Copy each line of the listing below exactly and drop the images.

━━━━━ Information provided

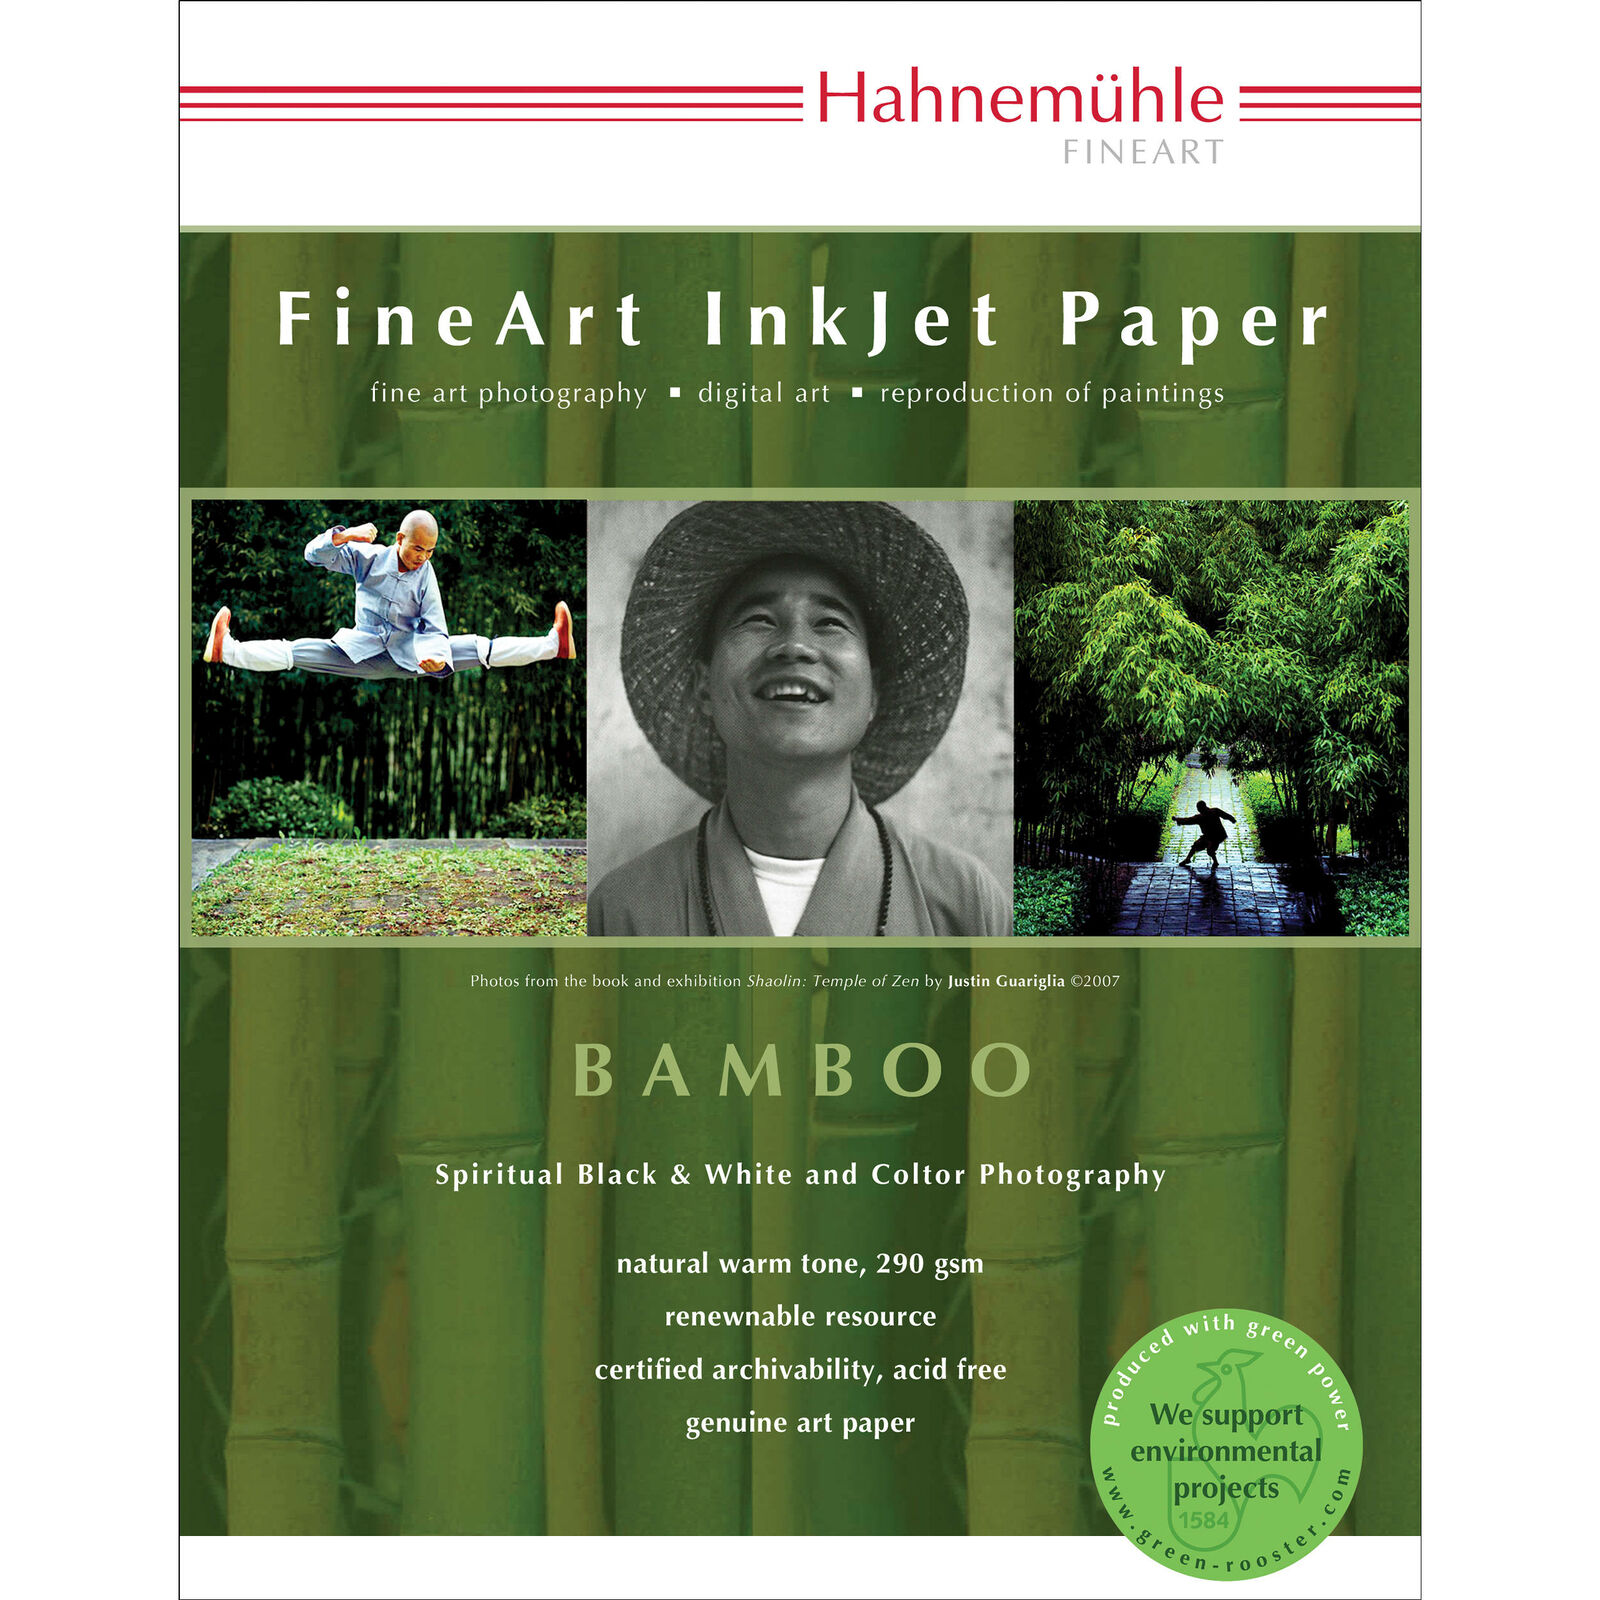 Hahnemuhle Bamboo FineArt Paper 290 gsm | 8.5 x 11
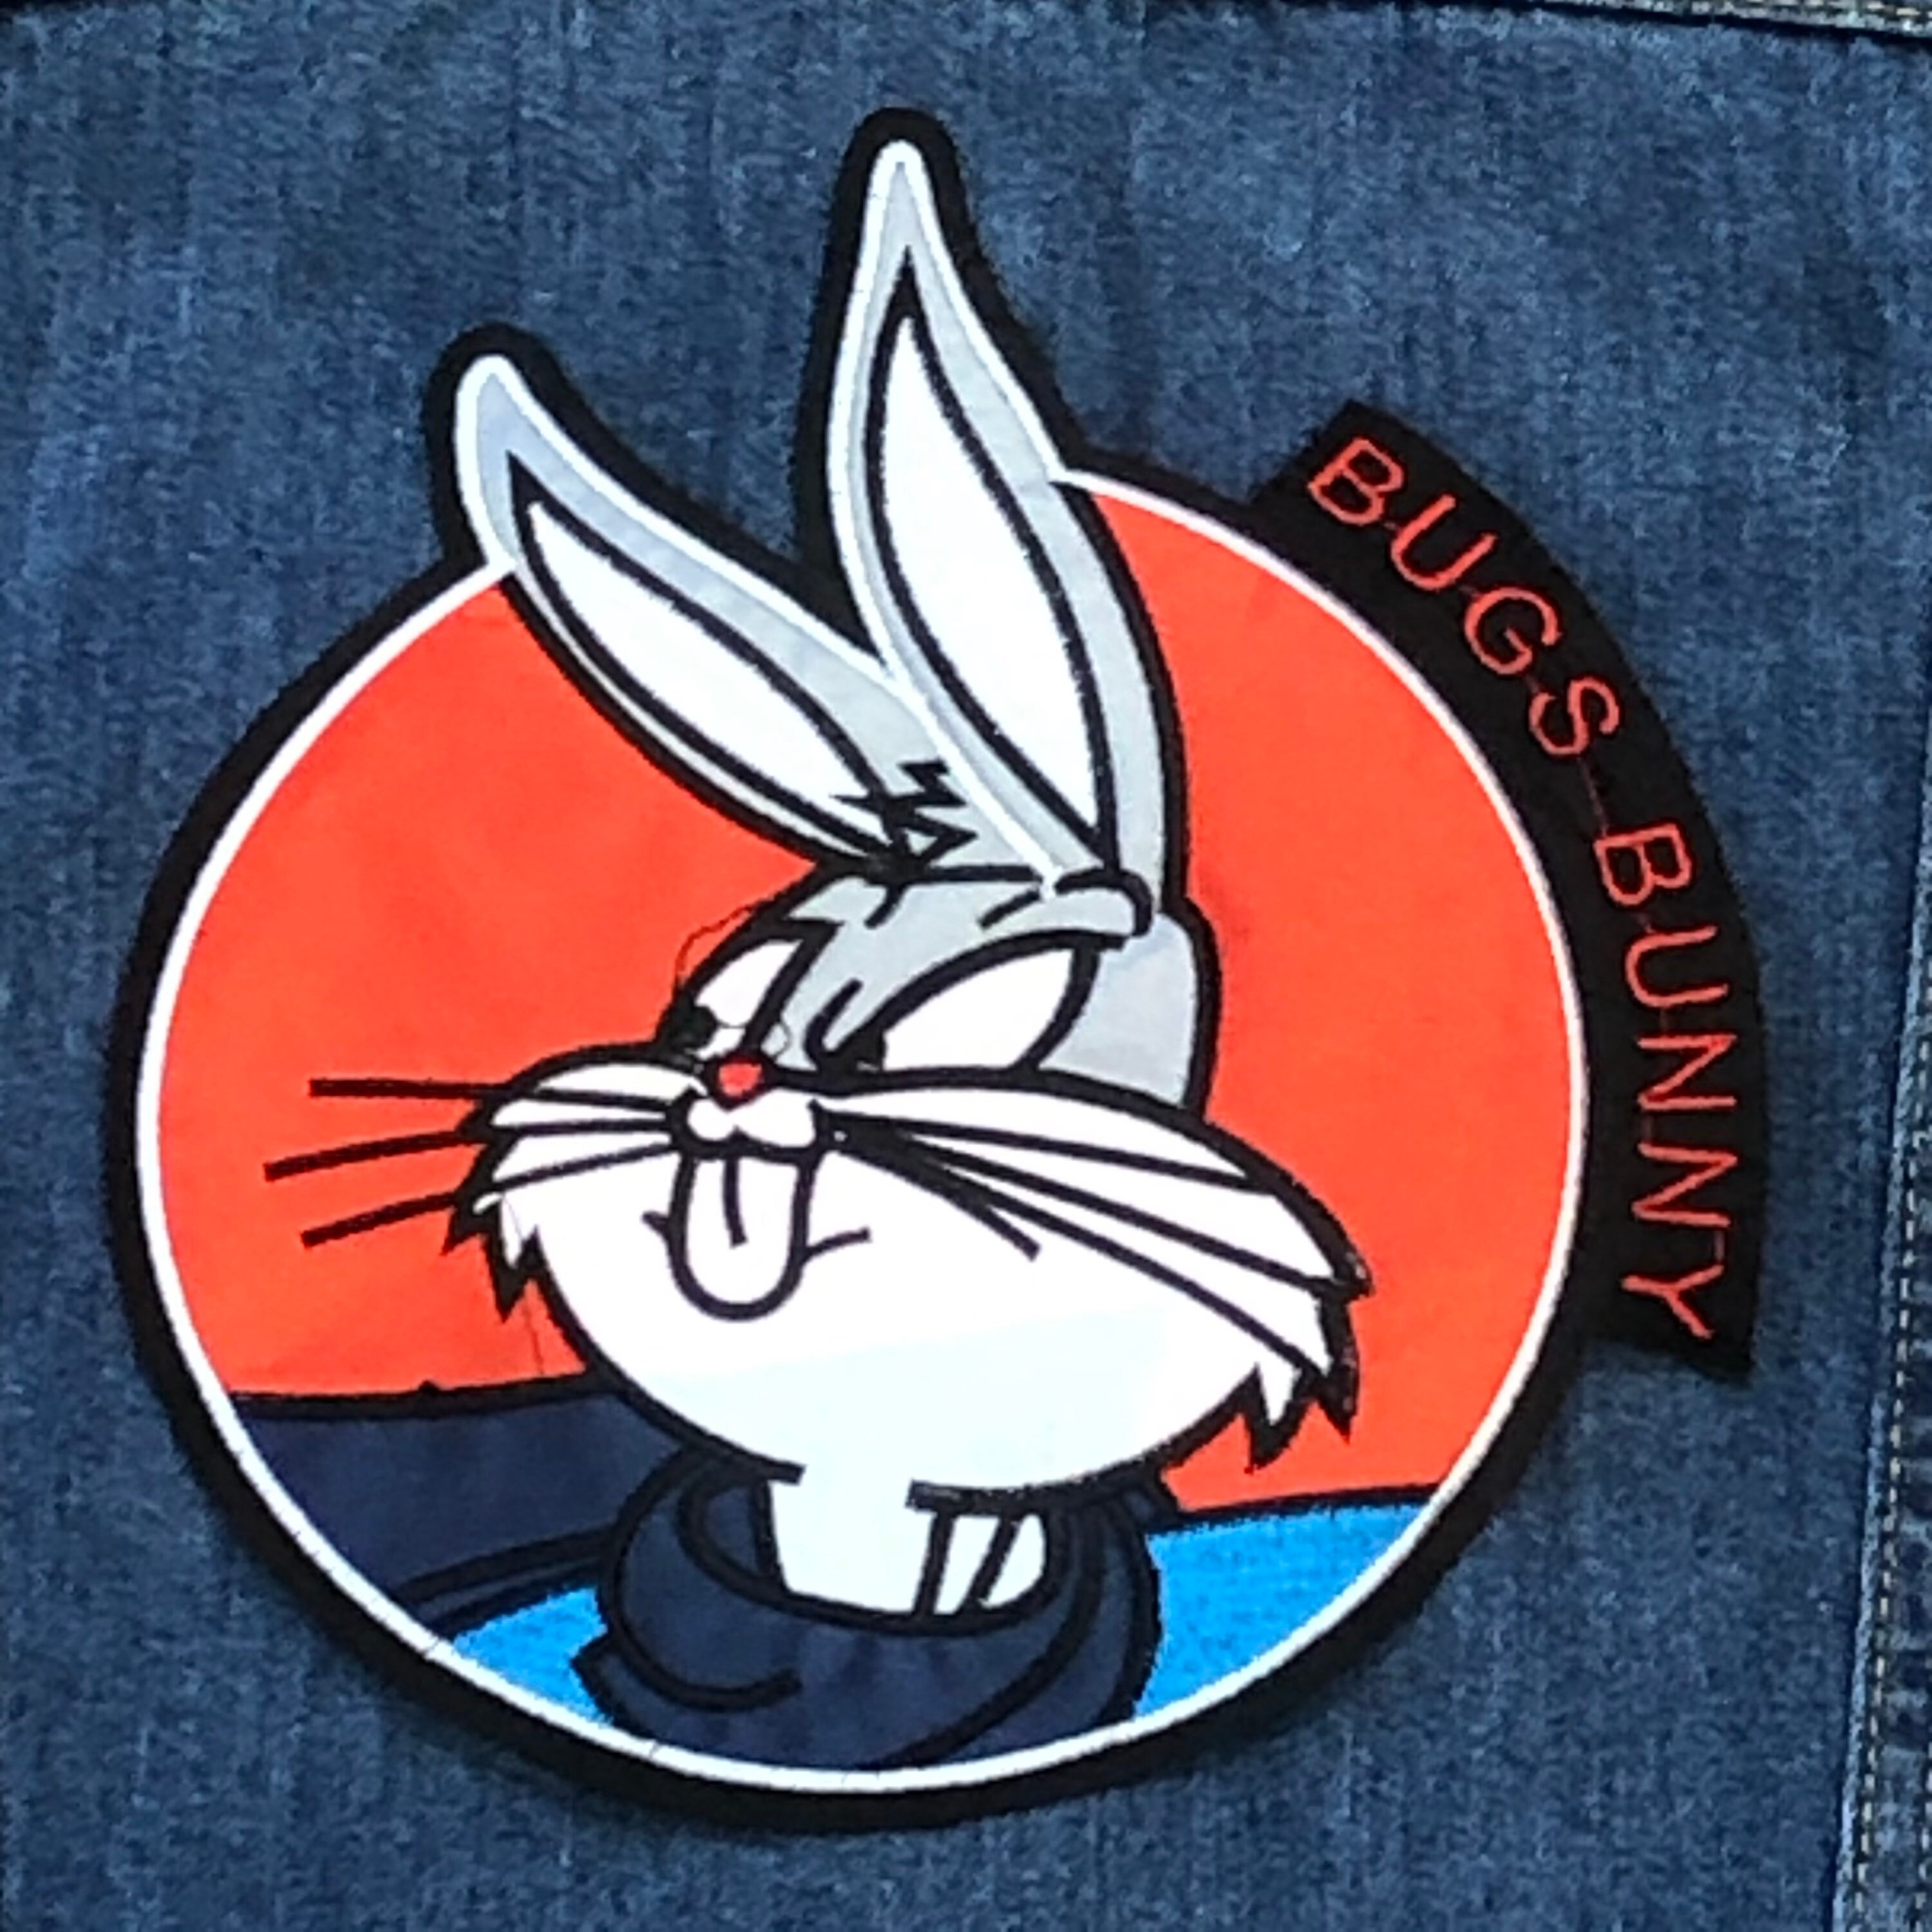 Bugs Bunny Patch iron on or sew on | Etsy
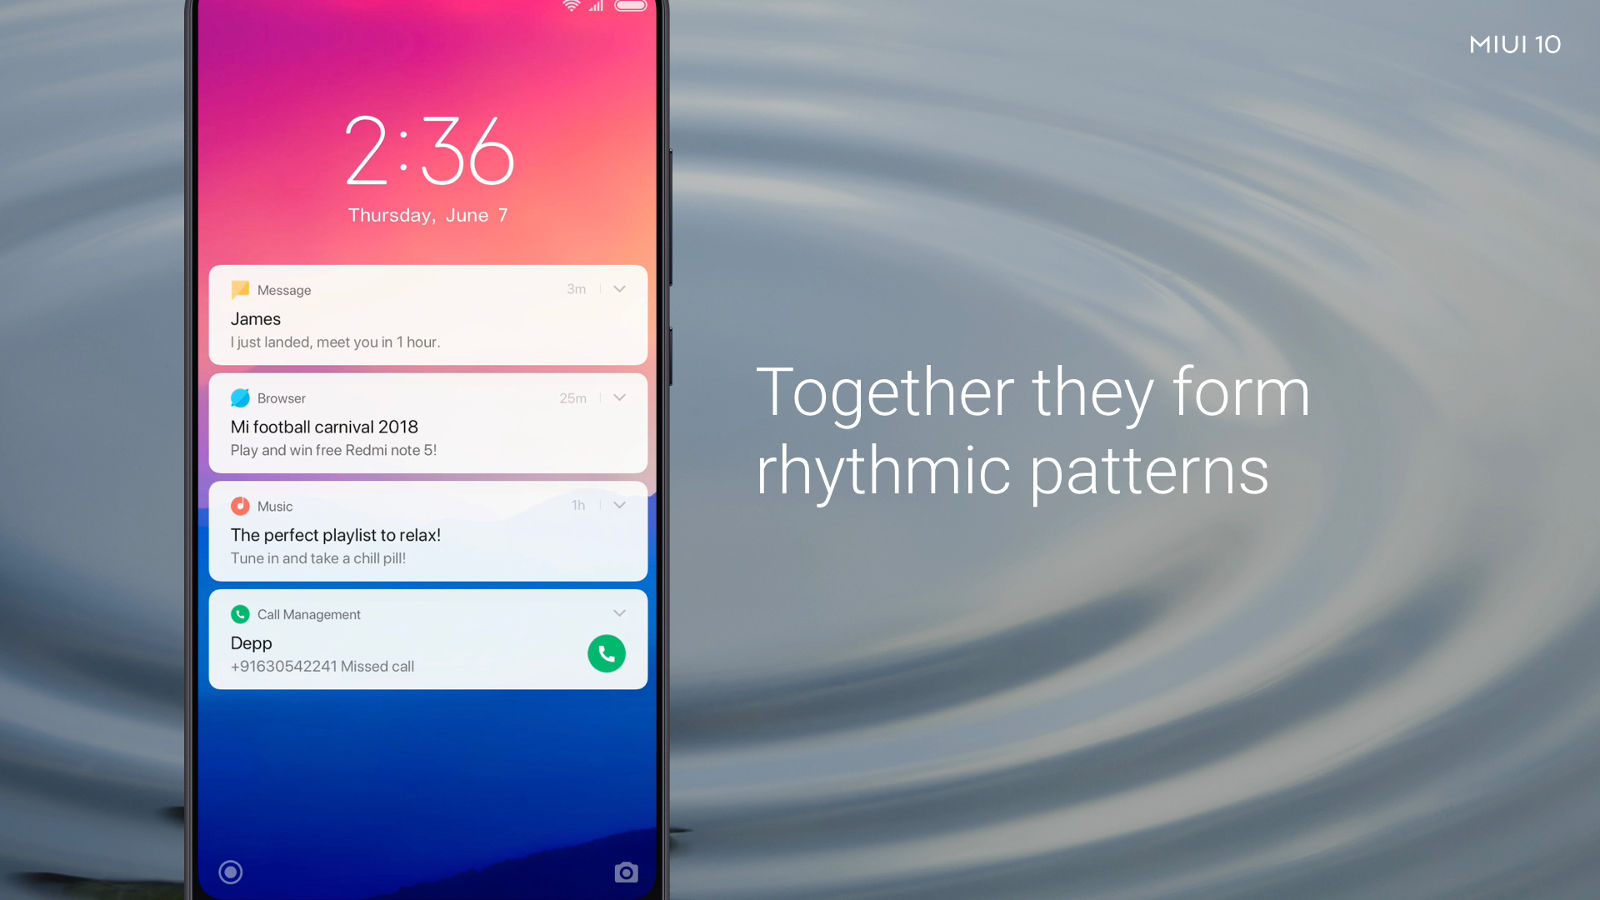 The nature-inspired notification sounds in MIUI 10.

━━━━━━━━━━

» **Problem solution**
 Hahnemuhle Bamboo FineArt Paper 290 gsm | 8.5 x 11
 Bugs Bunny Patch iron on or sew on | Etsy
 The nature-inspired notification sounds in MIUI 10.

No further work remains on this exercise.